Claroty

Industrial control system cybersecurity
Last updated:
February 3, 2026
Company details
HQ
HEADCOUNT
500-999
ORG TYPE
Startup
SECTOR
Technology & Digital
About the company
Claroty builds cybersecurity software designed to protect cyber-physical systems, including industrial control and operational technology environments. The company positions the product around asset visibility, exposure management, network protection, threat detection, and secure access across the extended internet of things (XIoT). Claroty also runs a public threat research arm (Team82) and publishes practitioner content aimed at defenders. Public hiring activity shows a mix of security, engineering, and customer-facing roles across multiple regions.
Locations and presence
The company describes a hybrid workforce with offices in New York City, Tel Aviv-Yafo, London, Munich, Singapore, Seoul, and Melbourne. On LinkedIn, Claroty lists headquarters in New York, with a global employee footprint across the Americas, Europe, and Asia-Pacific.
Palpable Score
61.4
/ 100
Claroty offers real early-career entry points through student roles and internships, plus at least one explicitly entry-level security engineering role with hands-on scope. The score is capped because the company’s own careers site can show no open roles, and Claroty does not publish consistent, measurable early-career outcomes like conversion rates or promotion timelines.
Pillar 1: Early-career access

Score

11.8
/ 20
  • The company has posted genuinely junior roles such as “Junior SecOps Engineer,” framed as entry-level and aimed at candidates building a cybersecurity career.
  • Claroty has also posted student and intern roles (for example a part-time backend student position and a GRC intern role), which are practical entry doors beyond “senior-only” hiring.
  • The company’s official “Open Positions” page can show no roles available under filters, which makes access inconsistent for early-career applicants who are ready to apply now.

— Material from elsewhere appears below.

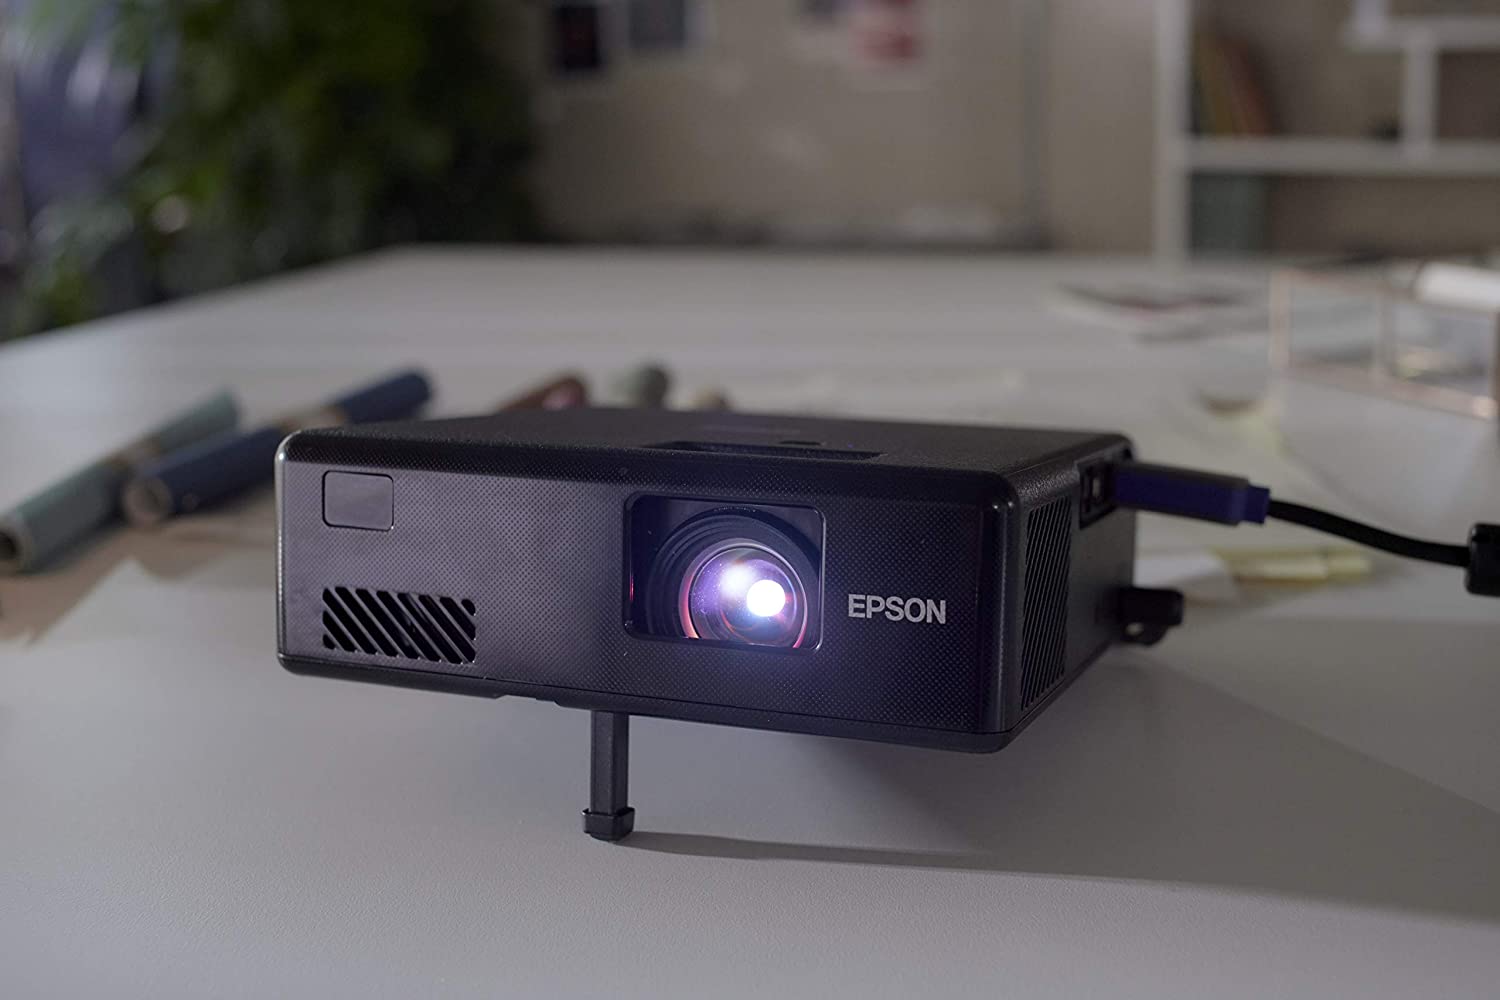 ویدئو پروژکتور اپسون مدل Epson EF-11 3LCD - ارسال 10 الی 15 روز کاری

Pillar 2: Hiring fairness and transparency

Score

12.3
/ 20
  • The company’s student and intern job descriptions spell out responsibilities and requirements clearly (including “bonus” skills and what success looks like), which helps first-time applicants self-screen.
  • Claroty’s public interview reports on Glassdoor describe multi-stage processes that often include technical assessments plus structured conversations, which can be fair when role-relevant.
  • The company also has candidate reports describing limited feedback after rejection in some cases, which is a transparency gap that matters more for juniors learning the market.

Pillar 3: Learning and support

Score

15.3
/ 20
  • The company’s internship posting explicitly promises mentorship from experienced professionals, plus exposure to tools and methodologies used in cybersecurity risk and compliance work.
  • Claroty’s junior SecOps role description is written as a learning role, including monitoring and incident response work “while learning from experienced professionals” rather than expecting fully-formed specialists.
  • The company describes recurring development mechanisms such as performance reviews, feedback sessions, and individual development planning, but Claroty does not publish a universal onboarding or leveling framework for early-career hires.

Pillar 4: Pay fairness and stability

Score

13.0
/ 20
  • The company published an hourly pay band for at least one internship role ($23–$25/hr) and described “competitive internship compensation,” which is stronger than the usual internship vagueness.
  • Claroty’s student backend role reposted on an external board listed “Salary N/A,” showing that pay visibility is not consistent across early-career postings and channels.
  • The company’s intern role was structured as 20 hours per week on a 1-year contract, which is stable in scheduling, but still less secure than a standard full-time early-career role.

Pillar 5: Early-career outcomes

Score

9.0
/ 20
  • The company has posted early-career roles across multiple years and functions (student engineer, intern, junior security), which suggests repeat entry-level hiring activity rather than a one-off cohort.
  • Claroty shows some early-career progression patterns in aggregated employee histories on LinkedIn, but Claroty does not publish promotion rates, intern conversion rates, or junior retention figures.
  • The company has a meaningful volume of public review and interview feedback, but most of it is not segmented into “intern/new grad outcomes,” which limits confidence about early-career trajectories.